“God told me to climb the mountain” – Pope gives farewell speech

by Rachel Ogbu


100,000 pilgrims gathered in St Peter’s Square to hear Benedict XVI’s emotional goodbye speech. There the Pope revealed that he is stepping aside because God told him to.

He said his resignation was ordained by God who had called on him to devote himself to prayer. He  said God had told him ‘to climb the mountain’.

He thanked catholics for their  closeness and affection and insisted he was ‘not abandoning the  church.’ Instead, he said he’ll serve the church with the  same dedication he has until now, but will do so ‘in a way more suitable to my  age and my strength’.

It was predicted that it was going to rain heavily in Rome at the time the Pope was to address  the people  and  some drizzle dampened the square earlier in the morning, but according to reports, as Pope Benedict  appeared, to the peal of church bells as the clock struck noon, blue sky crept  through the clouds.

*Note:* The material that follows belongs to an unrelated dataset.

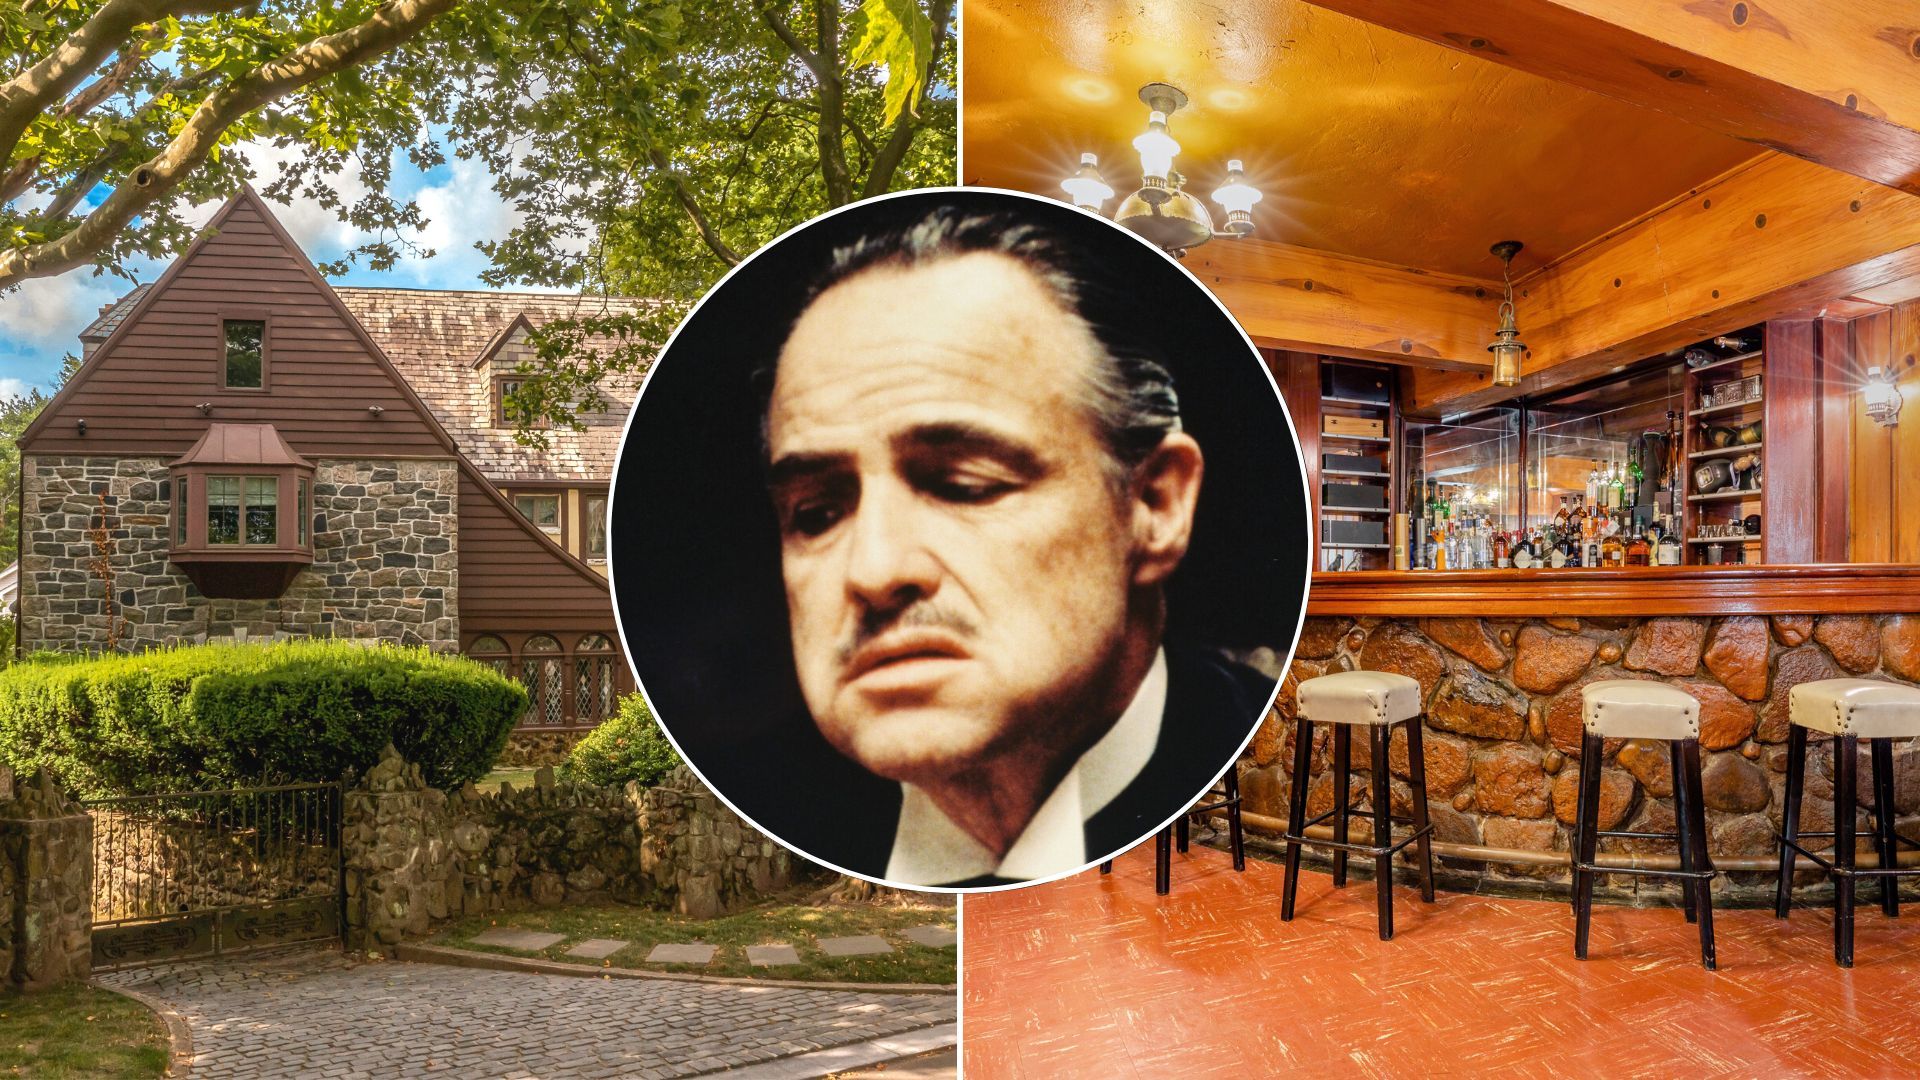 Rent Vito Corleone's 'The Godfather' home on Airbnb for under $75 a night

‘We thank God for the sun he has given us,’  the Pope said.

The Daily Mail reports:

He also said he would continue to serve  through meditation and prayer after his historic abdication.

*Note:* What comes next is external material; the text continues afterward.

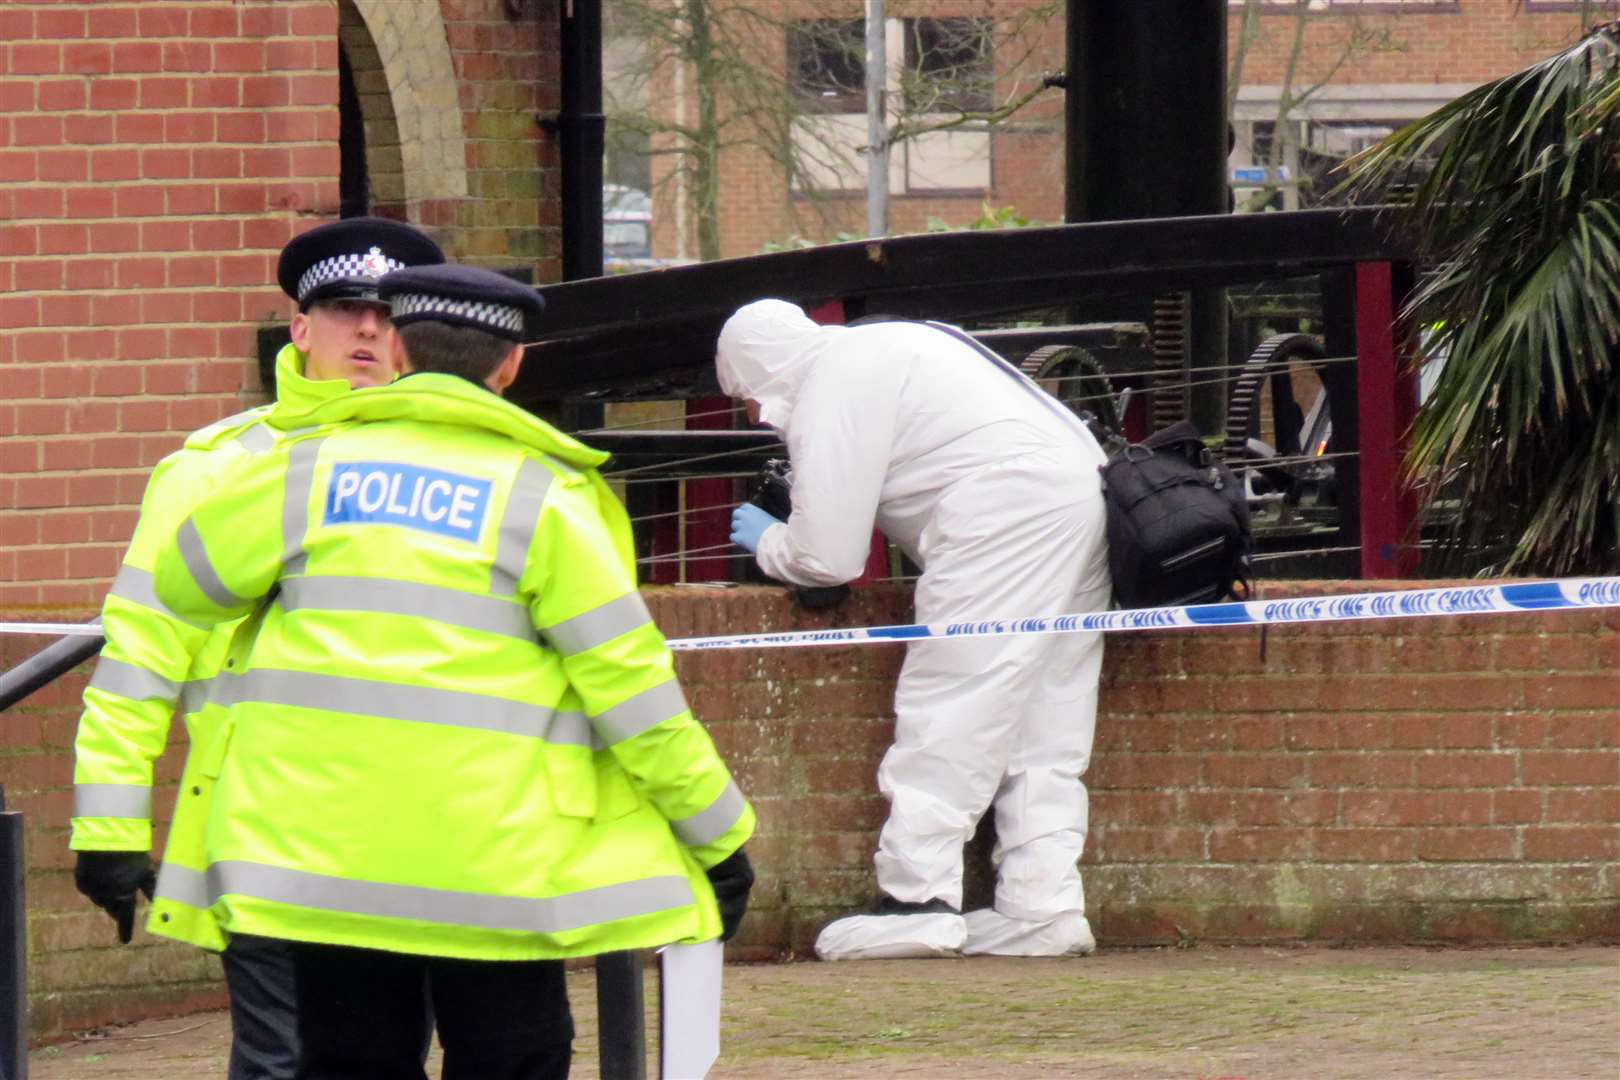 Forensics were called to the scene following the discovery of the body

He completed the last Angelus of his  tenure  by saying he will always be close to the Church and its people.

A child in the crowd held up a sign on a  yellow placard, written in  Italian, ‘You are not alone, I’m with you’. Other  admirers held signs simply saying ‘Thank you’.

The 85-year-old will spend his last years in  seclusion in a cloistered monastery within the confines of Vatican  City.

The Pope officially steps down on Thursday.  He resigned two weeks ago, saying he no longer has the mental or physical  strength to lead the world’s 1.2billion Catholics. It is the first time a Pope  has stepped down in 600 years.


Vatican-watchers have speculated that his  declining health is a key factor.

It has subsequently emerged that the Pope had  had a secret heart operation to replace a pace-maker three months  ago.

The Pontiff also suffered a head wound during  an official visit to Mexico last year, which was said to have shaken  him.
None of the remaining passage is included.